WHAT TO PRODUCE
Return all of the data below verbatim and exclude every picture.

DATA BLOCK

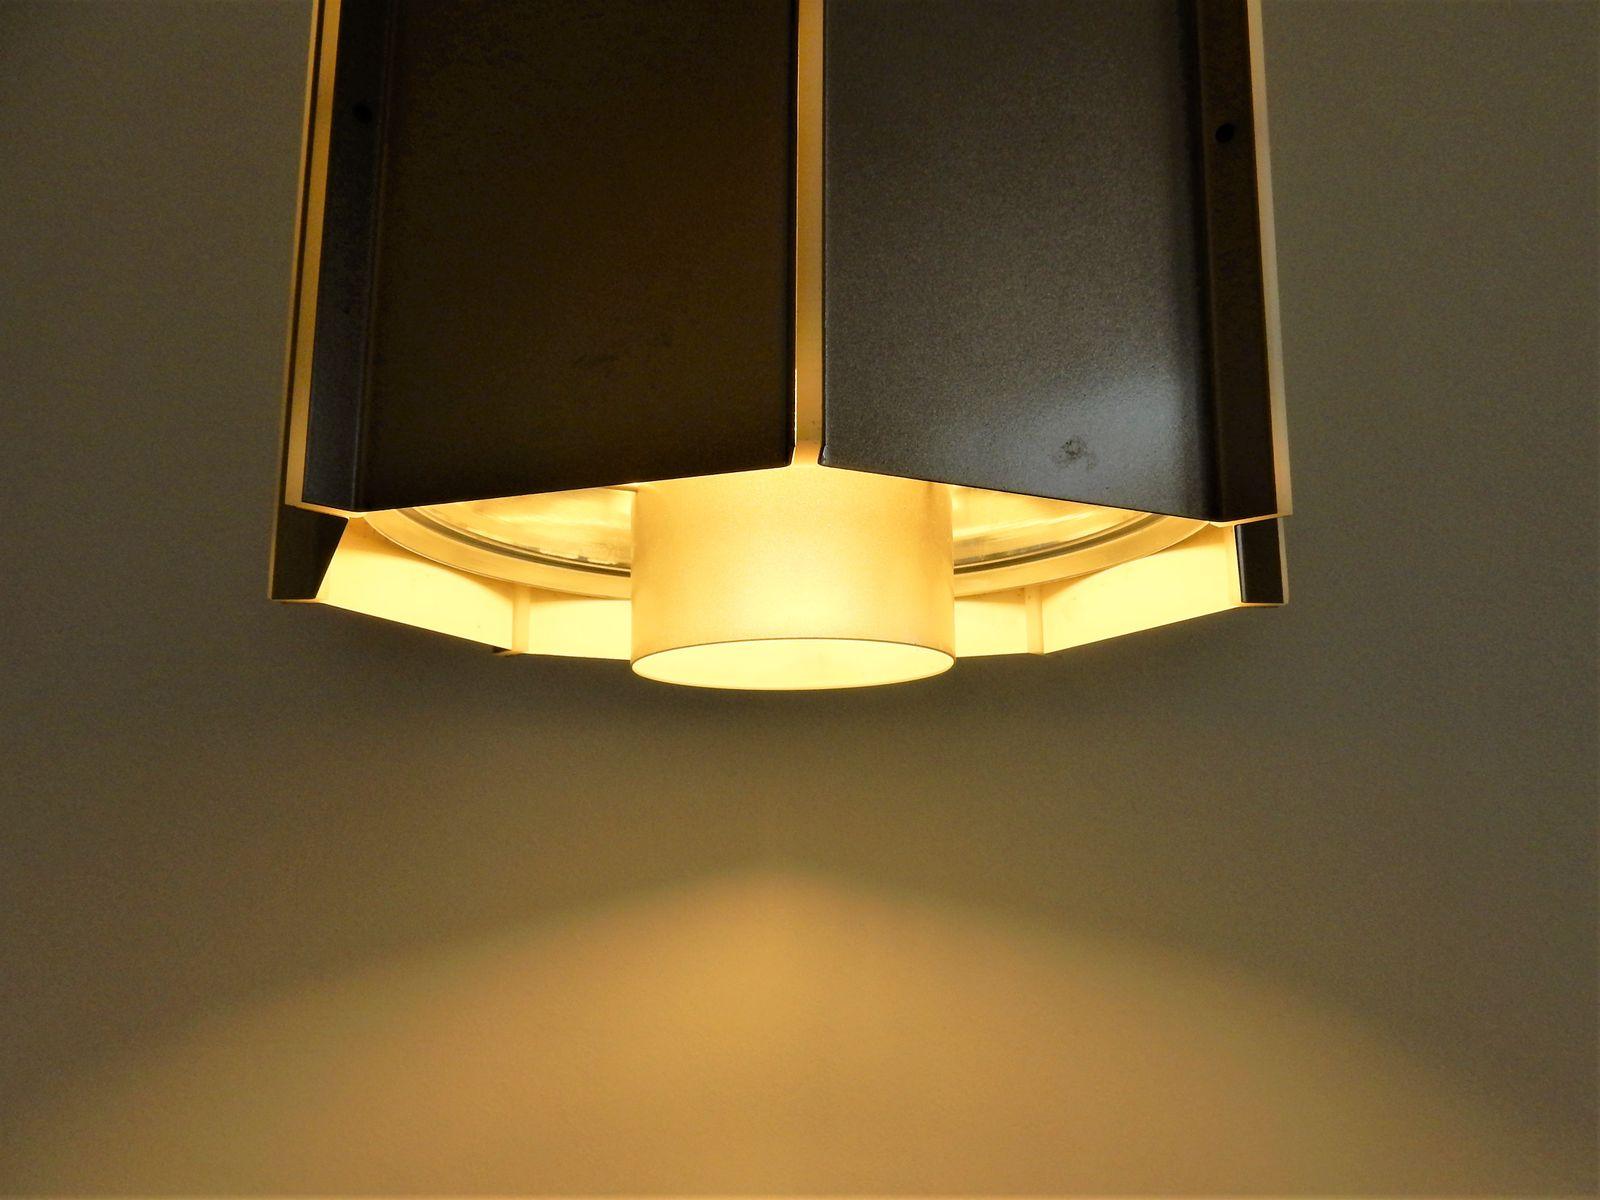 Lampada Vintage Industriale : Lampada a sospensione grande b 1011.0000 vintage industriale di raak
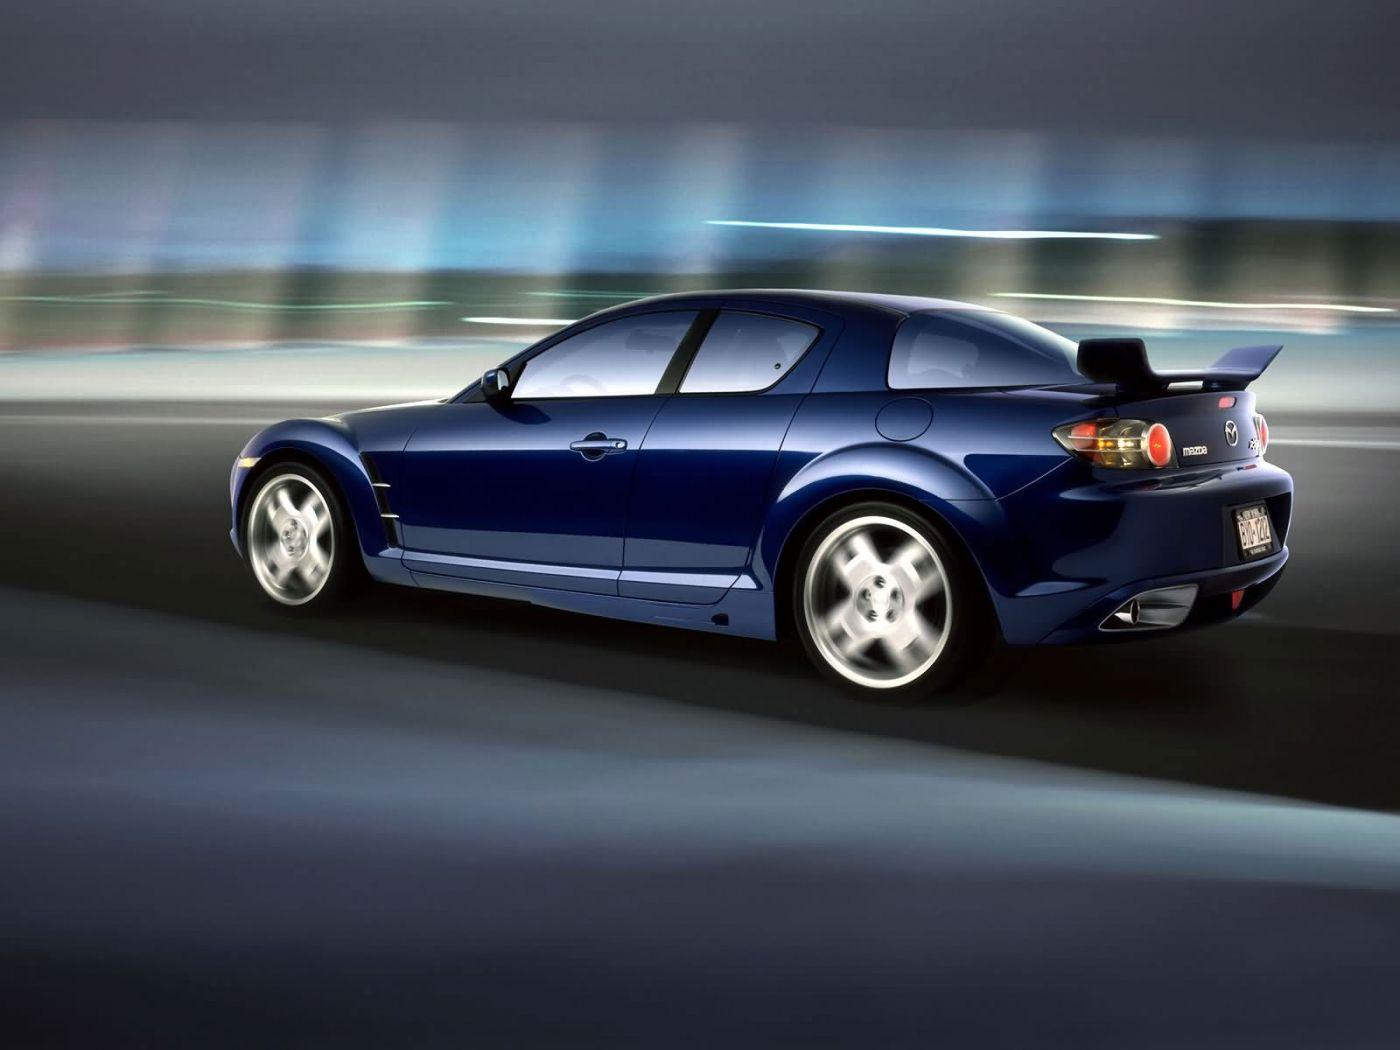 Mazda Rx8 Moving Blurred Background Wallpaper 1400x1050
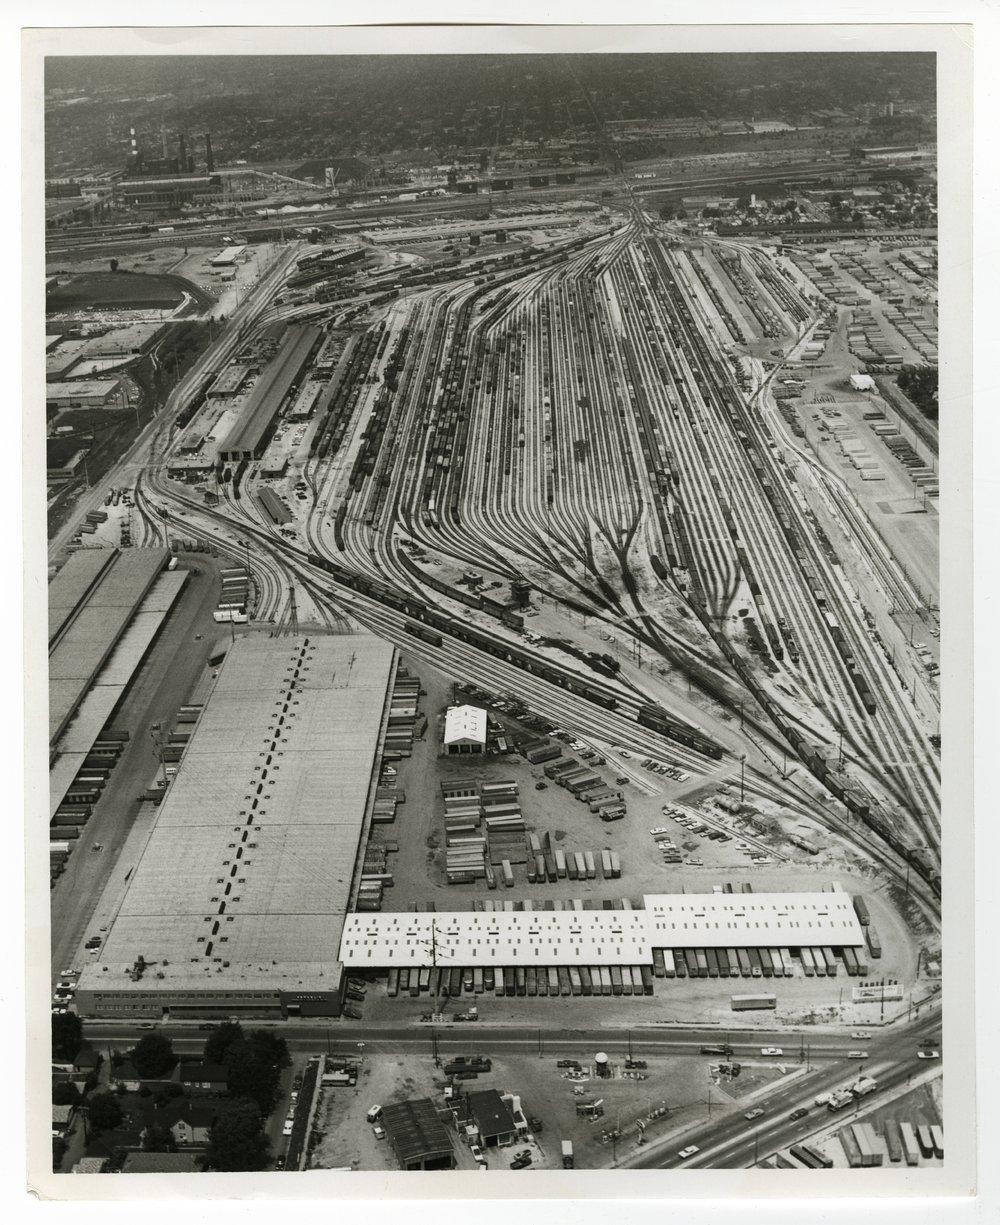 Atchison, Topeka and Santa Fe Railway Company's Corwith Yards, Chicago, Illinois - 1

RESULT BELOW
 Lampada Vintage Industriale : Lampada a sospensione grande b 1011.0000 vintage industriale di raak
 Mazda Rx8 Moving Blurred Background Wallpaper 1400x1050
 Atchison, Topeka and Santa Fe Railway Company's Corwith Yards, Chicago, Illinois - 1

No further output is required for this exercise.